Chimneys from the Engen oil company are seen on the outskirts of the city of Durban, South Africa, the site of the COP17 climate talks, November 30, 2011.
Chimneys from the Engen oil company are seen on the outskirts of the city of Durban, South Africa, the site of the COP17 climate talks, November 30, 2011.

As the first week of negotiations at the U.N. climate change conference in South Africa comes to a close, the European Union says support is growing for a new legally-binding agreement to cut emissions. But the United States and other countries remain strongly opposed to the idea.

EU negotiators are urging other parties at the COP17 climate talks in Durban to agree to a “roadmap” that would lead to a climate treaty that would legally bind governments to cut emissions blamed for climate change.

The Polish head of the EU delegation, Tomasz Chruszczow, said there is growing support for such a measure.

“Many parties see that the goal of keeping the global warming within the limits, within two degrees, requires urgent action," said Chruszczow." And extreme weather events on the ground and that warning contained in the recent spate of reports from international institutions and organizations made it very hard to escape this kind of conclusion.”

The EU proposal would follow the current legal framework established under the Kyoto Protocol, which is set to expire next year. The EU wants the parties at COP17 to agree to establish a new treaty by 2015 that would go into effect by 2020.

Recent reports support the EU's argument that further cuts in greenhouse gas emissions, like carbon dioxide, are necessary to keep global temperatures from increasing to dangerous levels.

The International Energy Agency has warned that the world has about five years left to significantly cut carbon emissions in order to prevent irreversible climate change.

The European Union is trying to convince developing countries to sign on to such an agreement.

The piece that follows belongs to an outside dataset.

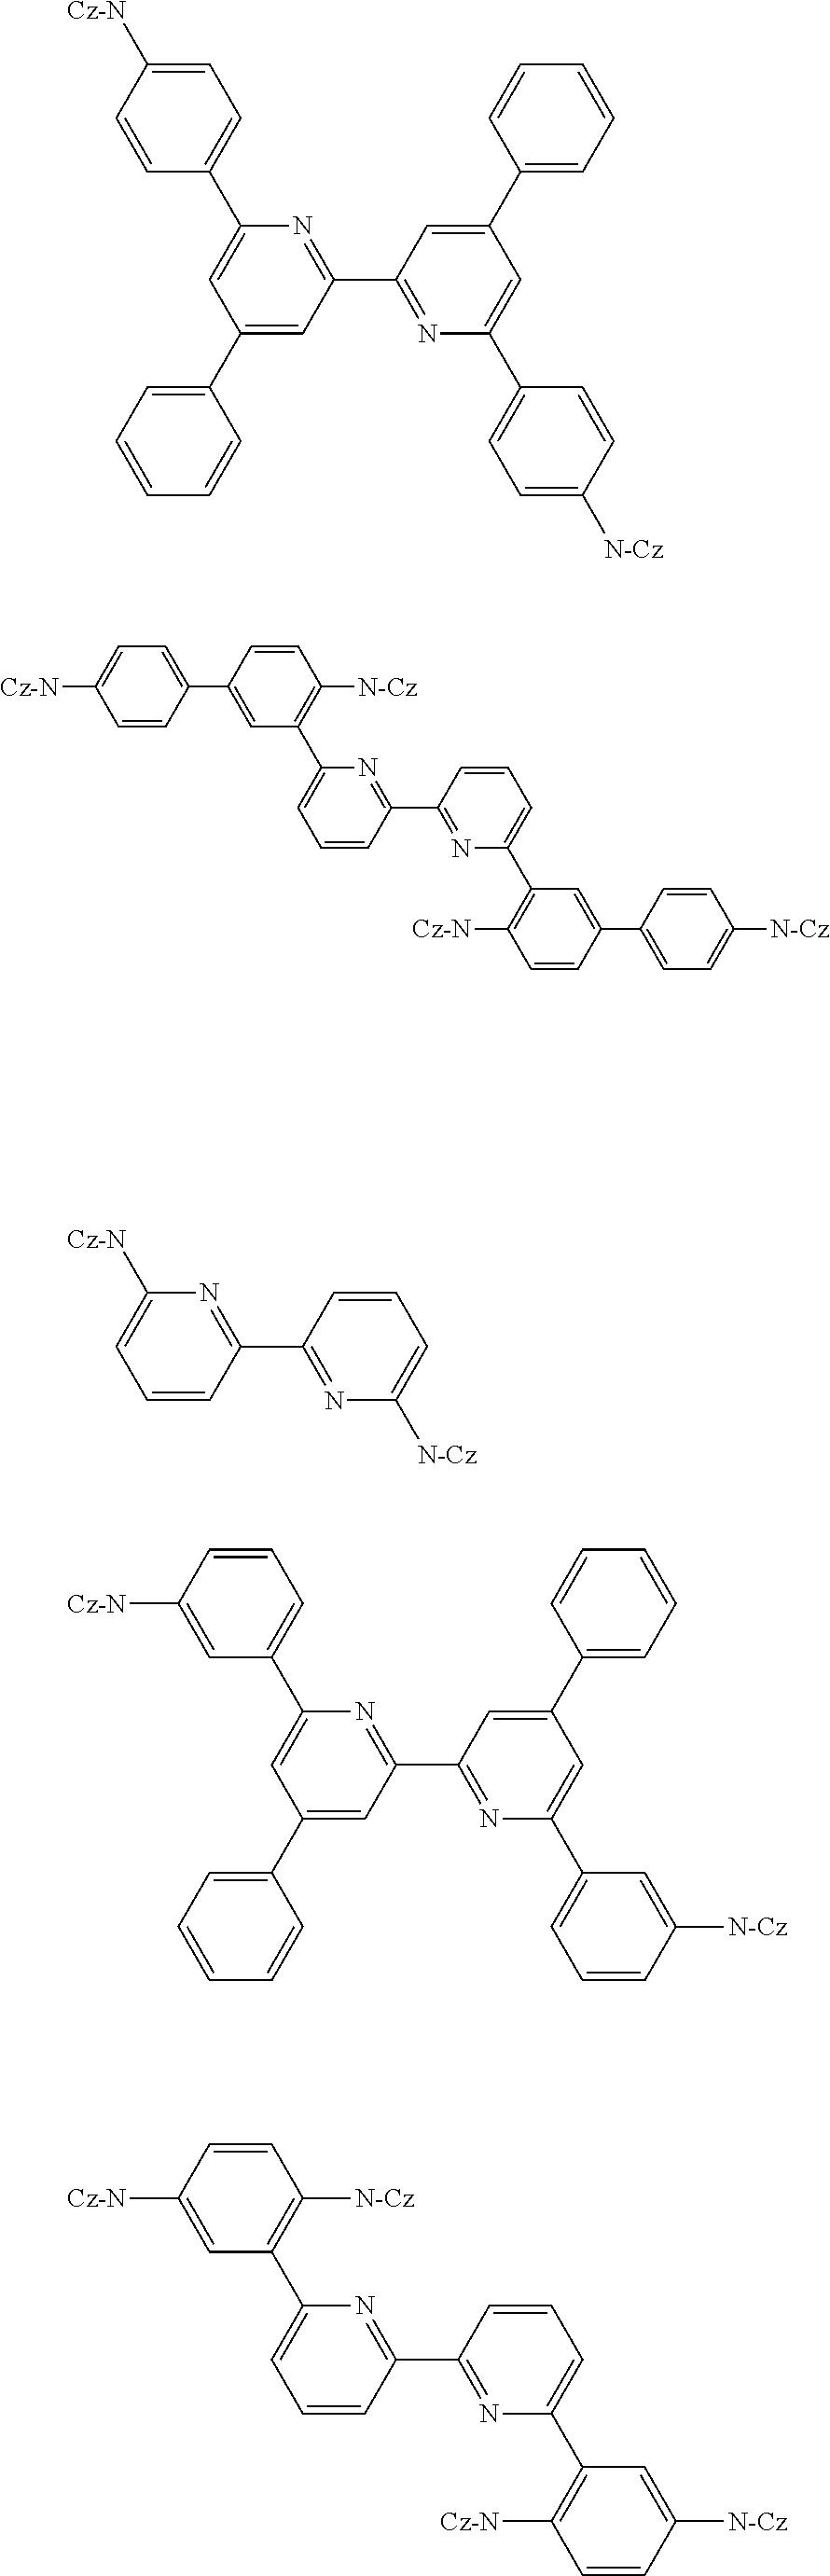 Figure US20110215312A1-20110908-C00065
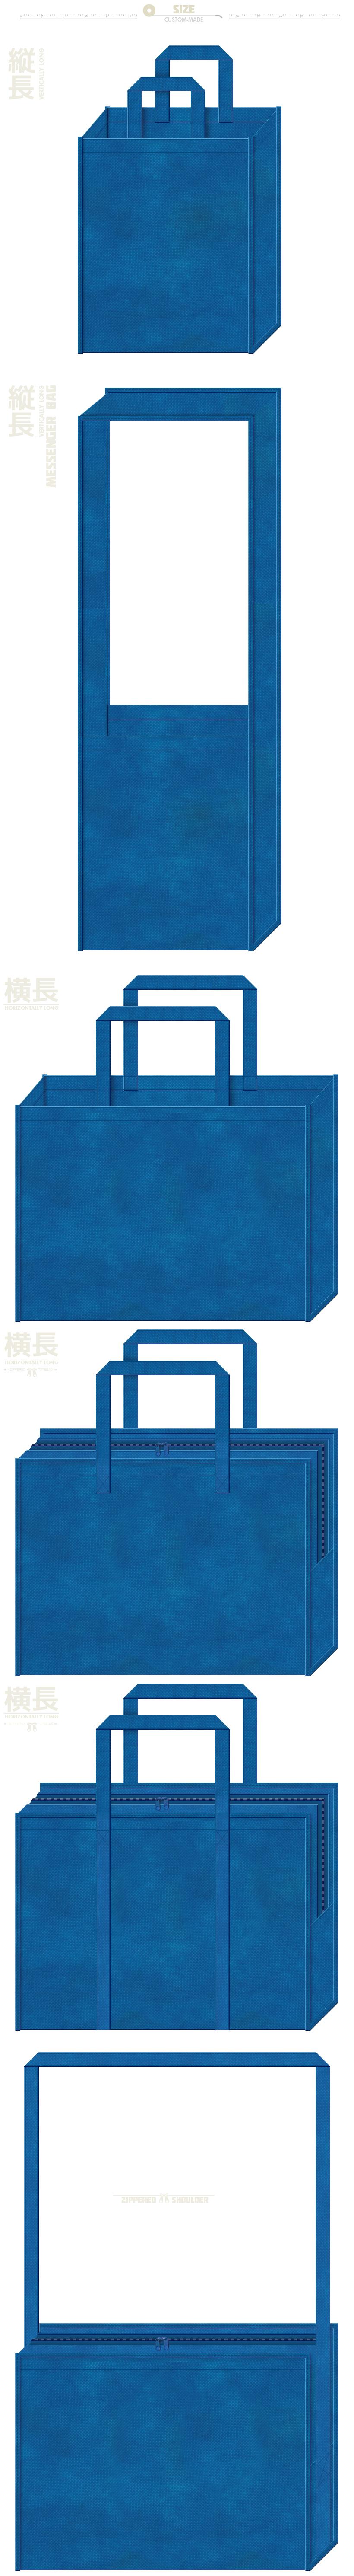 青一色の不織布スクエアトートバッグ。太陽光発電・人工知能・水素自動車・LEDにお奨めです。

EU negotiator Artur Runge-Metzger noted the EU's success with the current program, saying the EU's emissions have dropped below 1990 levels while overall, the continent's economy has continued to grow.

“Because a lot of fear that is in this process is about 'I can either fight climate change or I can grow my economy,' but we can show, and that's a big example here, that we can do both at the same time," he said.

The United States did not adopt the Kyoto Protocol, and U.S. climate negotiators have said they will not support a legal mandate to cut emissions without knowing the details of such an agreement.

Commenting on the EU's proposed roadmap, U.S. deputy climate change envoy Jonathan Pershing said it would have to bind all parties equally.

“We're not looking for a mechanism in which we would have an obligation to reduce emissions of a legal form and the major emerging economies would have a voluntary program," said Pershing. "That's kind of the Kyoto structure. We are not a party to Kyoto, in no small measure, because of that constraint.”

The United States has argued that the voluntary emissions reductions that governments agreed to at the last climate conference in Cancun, Mexico are unlikely to change over the coming years.

The U.S. has been trying to start discussions, instead, on what can be done after 2020.